I scowled at the guard; his jolly exterior was as unnerving as his thin face and nonexistent eyebrows. In their place were two bulges of skin like he’d stuck brown dough above his eyes.
“Doesn’t look so bad,” I lied, trying to appear blasé. “It’s nicer than my actual home!” It was nothing compared to my home. The home I would never return to.
Solomon snorted and I wondered whether you could fit a Ping-Pong ball up his nose, his nostrils were so large.
“Tickets, please.” Denis held them out, and Solomon scanned them with a reader. There was a shake to his hands. “Do you want the tour?” Solomon said, waggling his soggy brow.
Please no!
“No thanks, Solomon, just open the doors, please,” Denis said, tipping his chin.
Solomon pulled a chain from around his neck and lifted a small, numbered pad that was dangling from it. He punched in a code, and the doors opened.
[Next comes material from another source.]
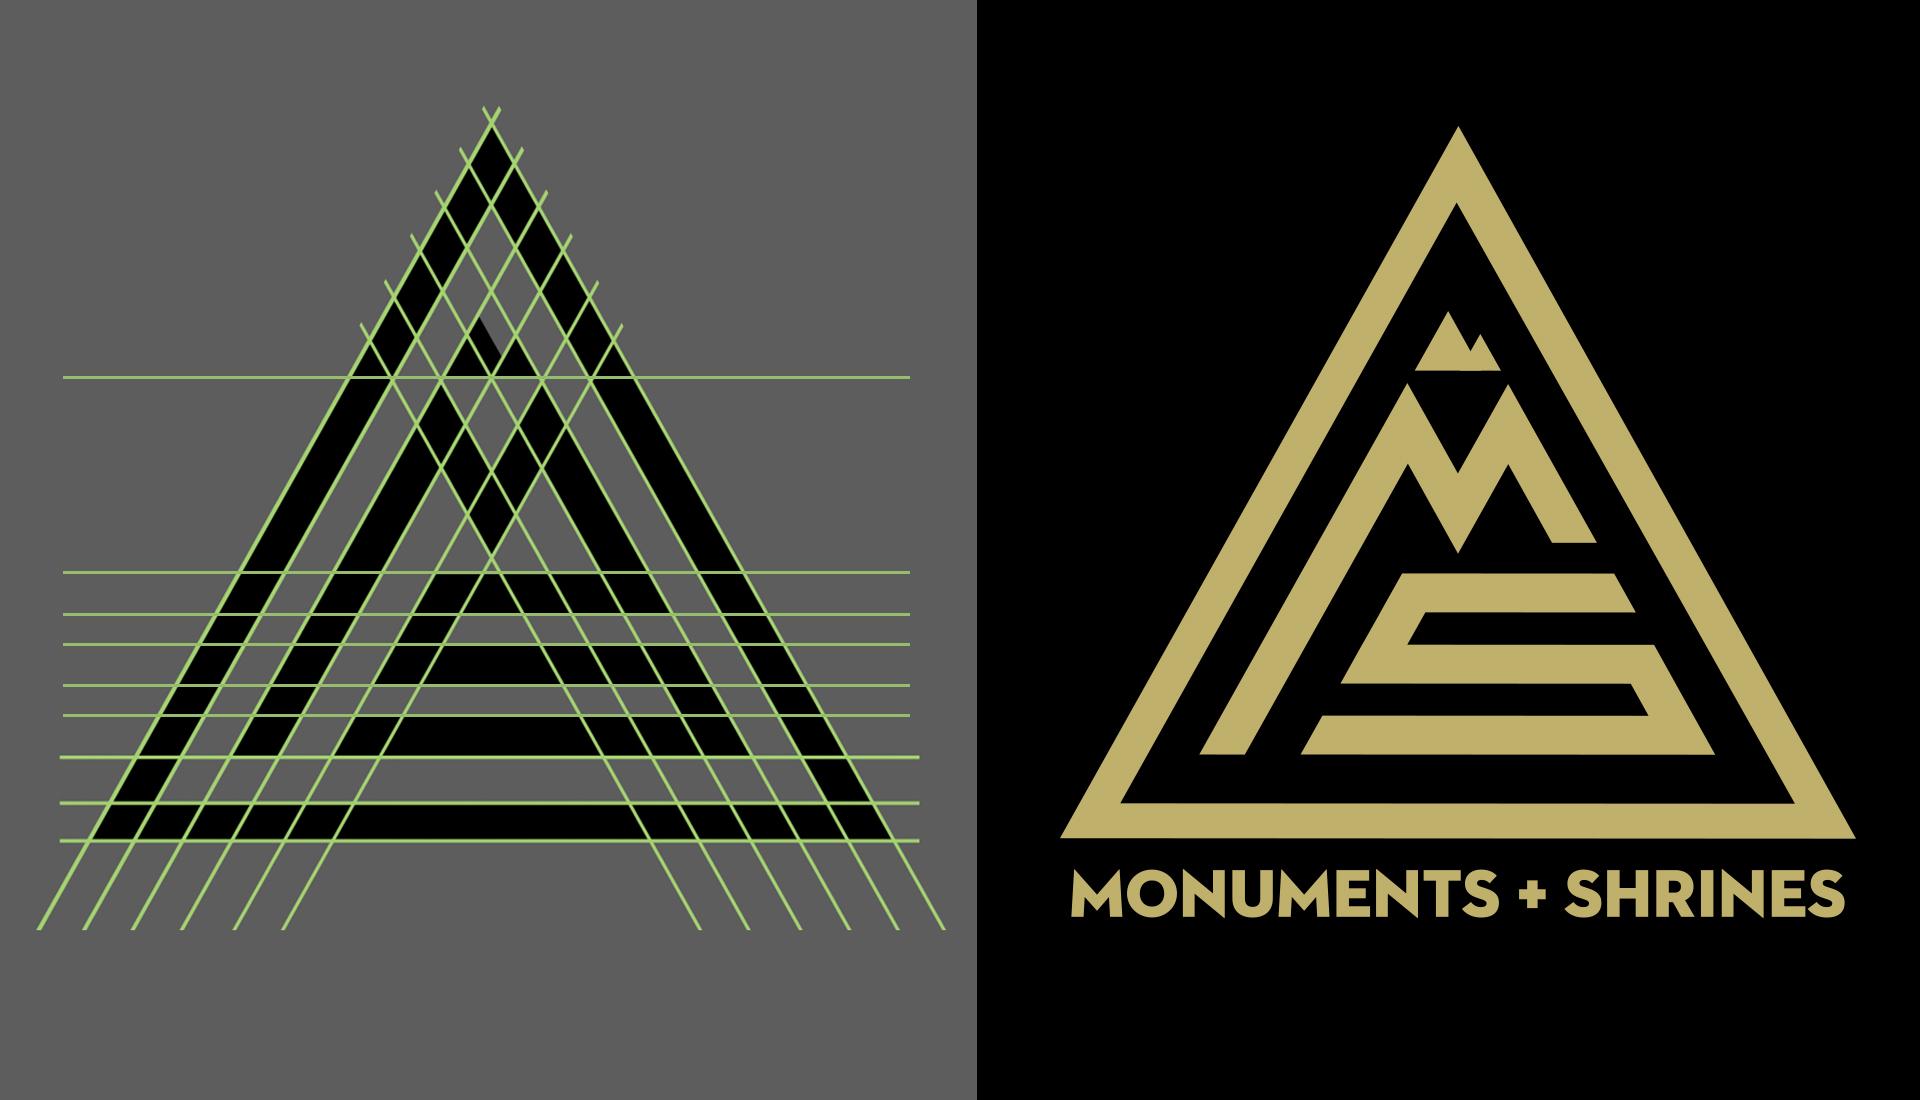 1920x1100-Monuments-Shrines.jpg

“Have fun!” he said, waving dorkily.
We stepped over the red line painted in front of the doors, and they closed quickly after us. As soon as they did, I felt squeezed, like someone’s hand was around my throat. We were sealed inside a corridor smelling strongly of chemicals that barely masked other horrid odors like sweat, urine, and things I didn’t want to think about. Denis put his sleeve to his nose and started placing his earphones in, then he glanced down at me, remembering I was there, and muttered, “Sorry.”
I breathed in deeply and repressed the urge to gag. This might be my home soon, if they let me live. I guessed I’d better try to get used to it.
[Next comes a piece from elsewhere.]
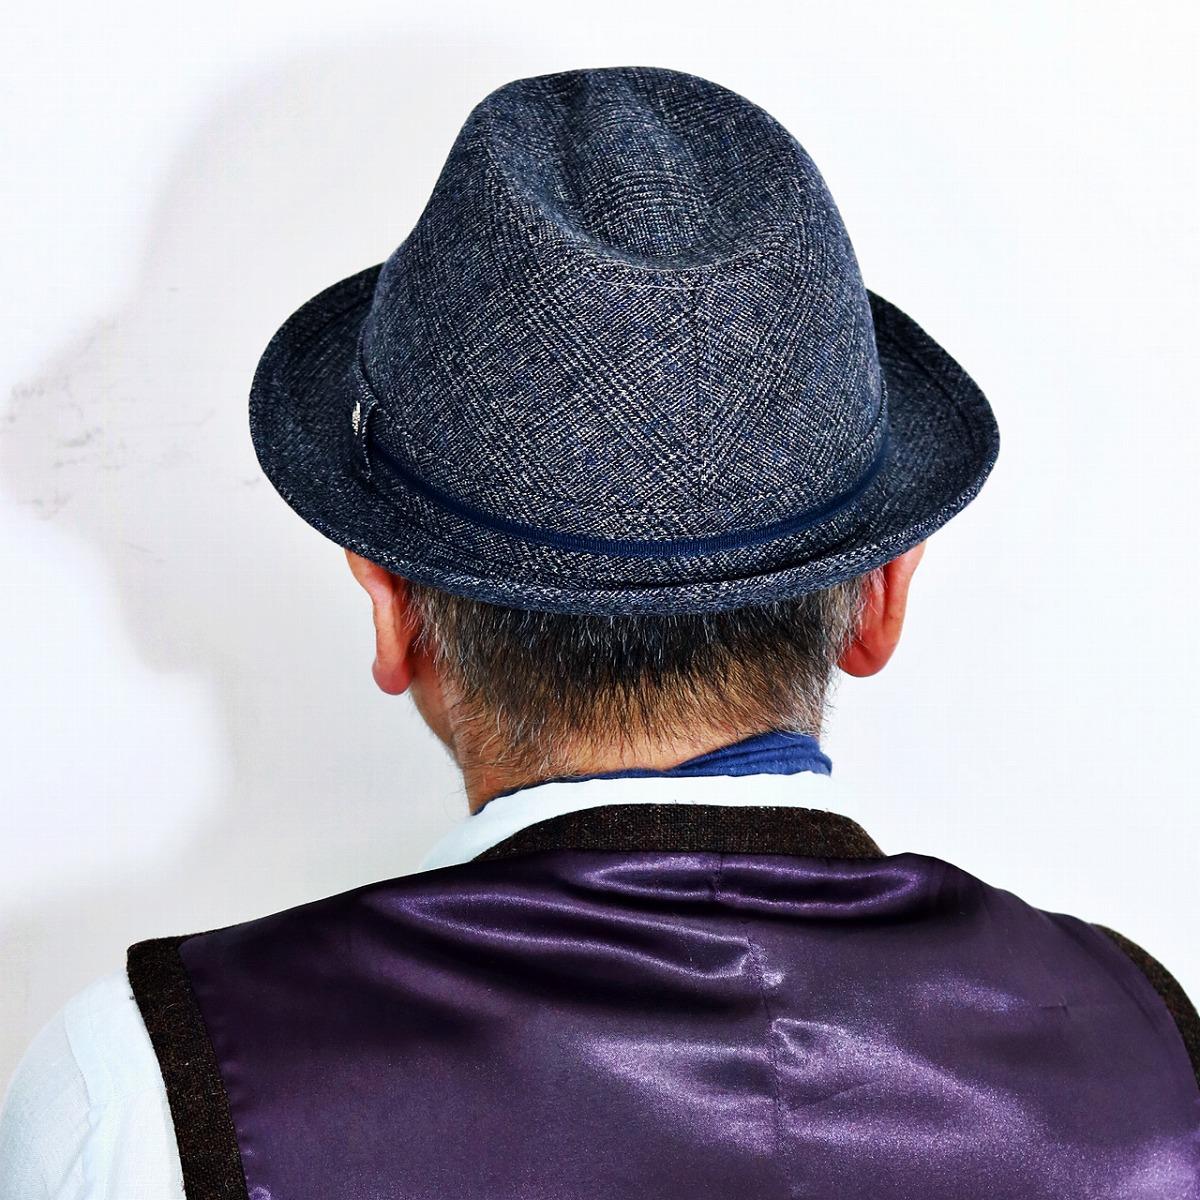 d955fcebc8aa2 Dark blue navy  fedora  Respect for the Aged Day gift birthday Christmas  present hat mail order made in DAKS men hat hat glen check Daks soft felt hat  hat ...

The thick, metal doors, spaced every few meters, were plastered with giant barcode stickers. You could see the tears and leftover paper from previous inmates underneath the current barcode. When you were a prisoner, they took your name as well as your freedom.
We walked hesitantly down the aisle, and my eyes caught glimpses of the inmates through the wire-infused glass. Huddled in dark corners. Lying with their backs to the door, their knees pulled to their chests. They were shadows, thin and barely human.
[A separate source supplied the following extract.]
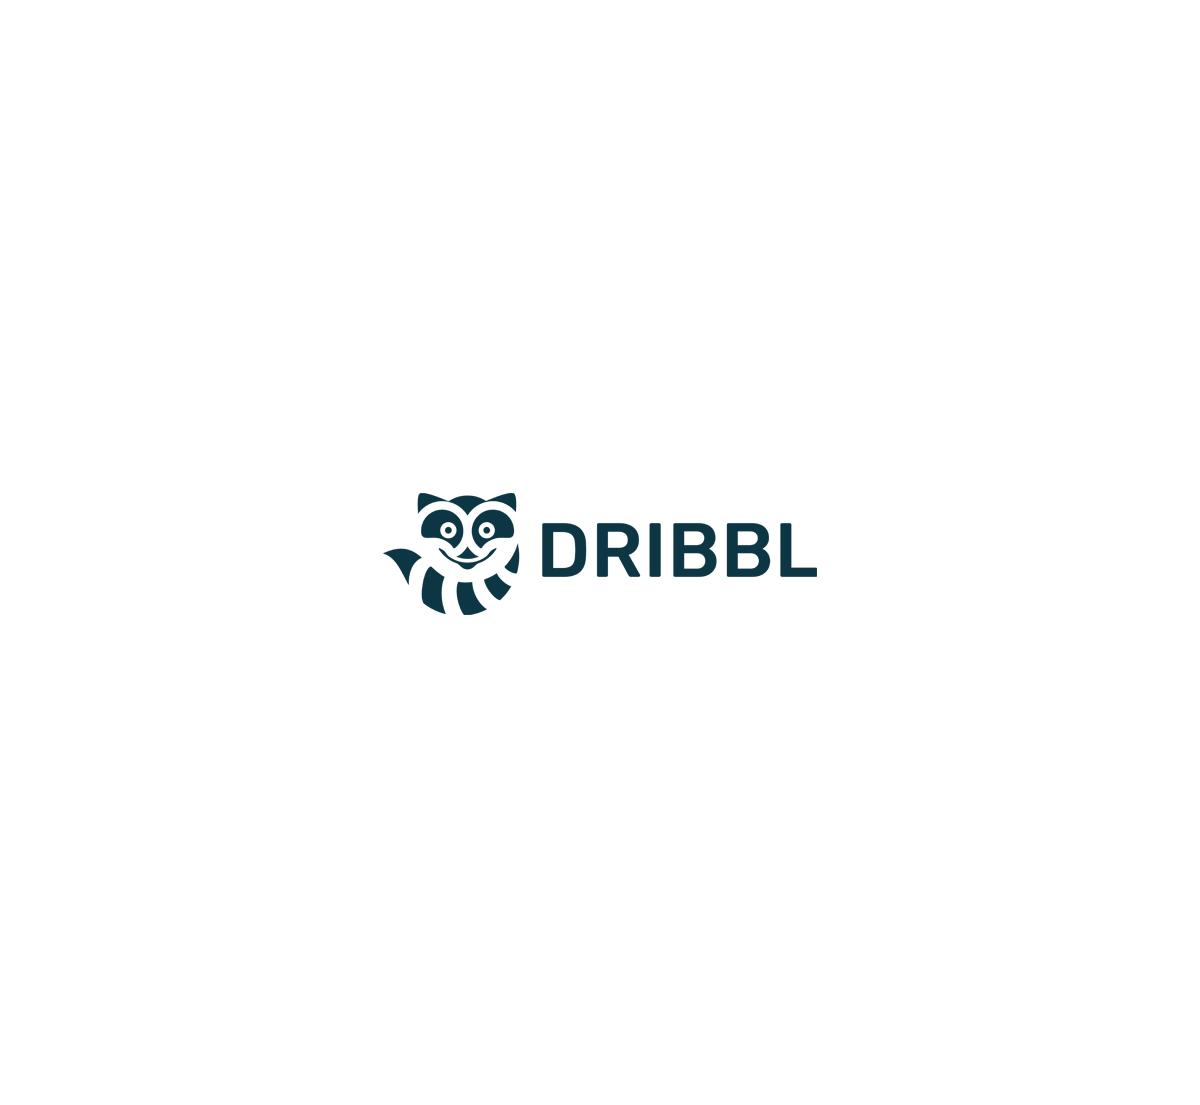 Разработка логотипа для сайта Dribbl.ru фото f_7705a9ed8b18538d.jpg

My skin shuddered over my frame loosely, like it was trying to escape my body.
This could be my life.
“There are no mics in here,” Denis said as he ran his hand along one of the doors and rubbed the microscopic dust between his fingertips. “I think they got sick of listening to all the screaming.”
I imagined the desperate pleading of shadow people scratching at their last shreds of humanity.
My dry mouth spat out a curse, making him flinch.
How many people did they keep down here? It went on for at least twenty doors on both sides but not all were filled.
A sharp bang made me jump.
“Git, git, git, me out of here!” A muffled voice came from my left. I walked closer and saw a raring face pressed up against the glass, his eyes bulging with need.
“Please, please, please…” he whispered softly like a song, like a prayer no one would answer. When I put my hand to the window, he suddenly head-butted it. “Devil bitch!” he screamed. I pulled back my hand like he might bite me through the glass or infect me with his insanity and shook my head in shame. Denis placed his hand at my waist and pushed me past the door. We increased our pace, the sad thump of his head hitting the glass continuing as we moved away.